Они сталкиваются с ещё одной группой людей на следующей улице, и Исак внезапно оказывается в объятьях незнакомцев, покрытых блёстками. Каждого человека в группе обнимают и целуют в щёку, и Исак поражён. Ему никогда не доводилось чувствовать такого количества добровольных прикосновений, такого свободного и искреннего расположения. Он никогда не чувствовал себя настолько причастным, настолько нормальным, настолько принятым. Эти люди вообще ничего о нём не знают, но это никак не влияет на их объятия, которые они так щедро дарят. Они просто обхватывают его руками и обнимают, как будто он один из них.
— У тебя есть муж? — спрашивает маленький мальчик справа, которого Исак не замечал раньше.
У него светлые волосы и зелёные глаза, и он такой маленький, что даже не достаёт до бёдер Исака. На нём футболка с радужной надписью «Любовь создаёт семью».
— Что? — восклицает Исак скорее про себя, прежде чем начать искать в толпе мать ребёнка.
— Или жена?
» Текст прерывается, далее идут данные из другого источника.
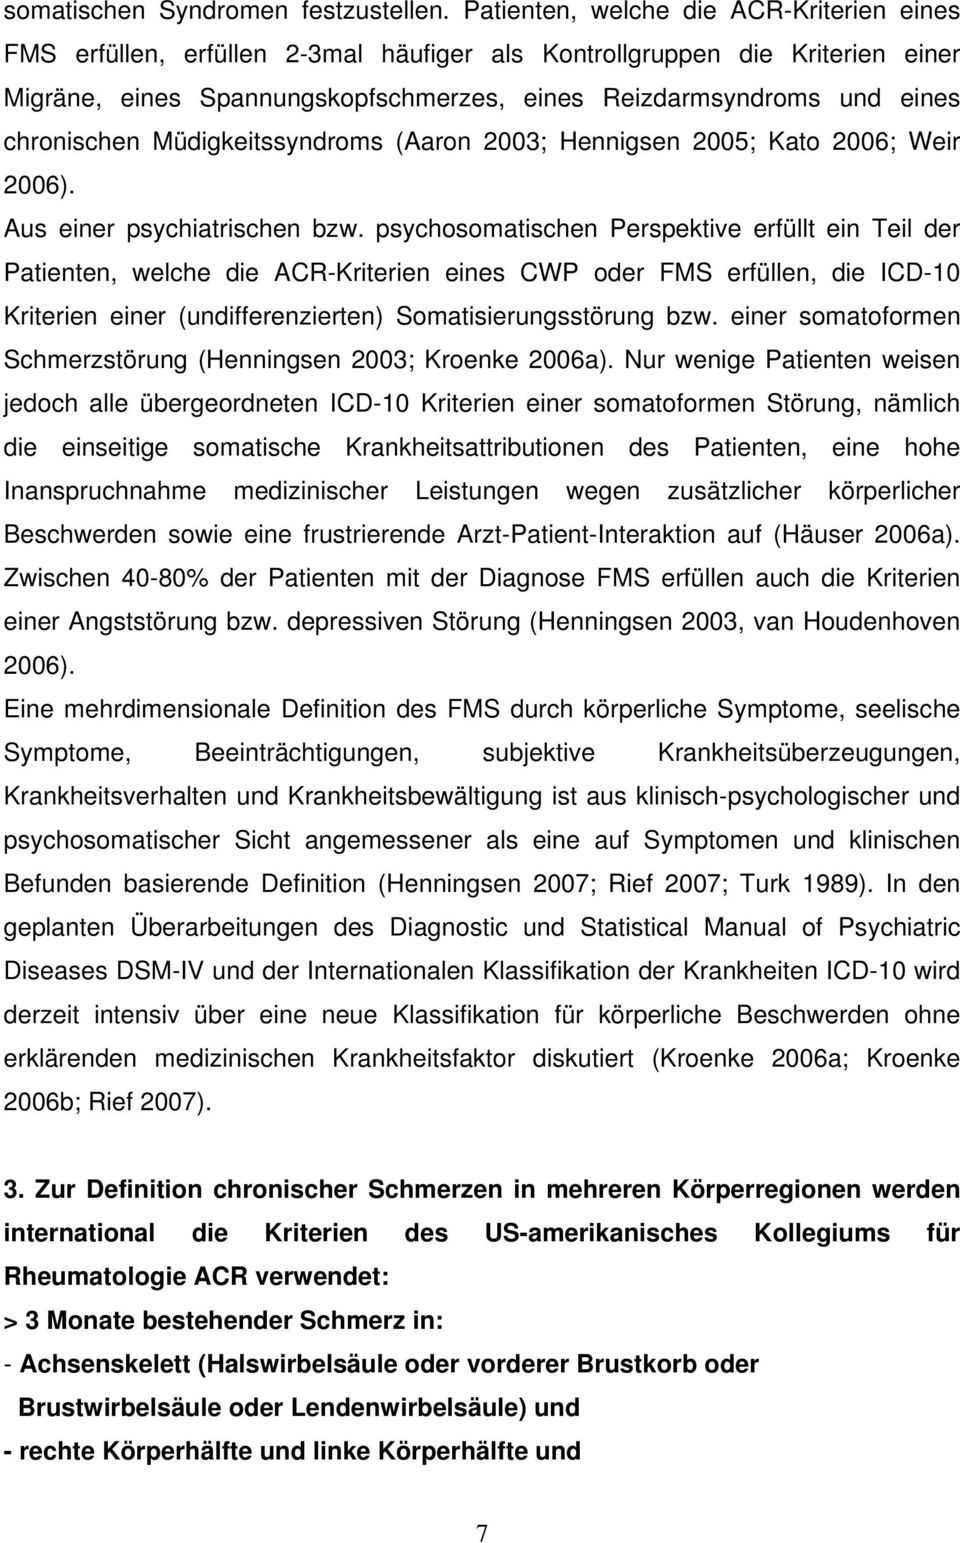 chronischen Müdigkeitssyndroms (Aaron 2003; Hennigsen 2005; Kato 2006; Weir 2006). Aus einer psychiatrischen bzw.

Папочка говорит, что у людей может быть и то, и другое, — продолжает малыш, рассеянно касаясь руки Исака. — У тебя кто?
Исак понятия не имеет, сколько ему лет. После того, как Леа стала подростком, он утратил способность определять детский возраст.
— Где твоя мама? — спрашивает Исак, чувствуя, как ребёнок качает его руку.
— У меня нет мамы. Зато у меня два папы, — с гордостью заявляет малыш, поднимая руку и показывая ему три пальца.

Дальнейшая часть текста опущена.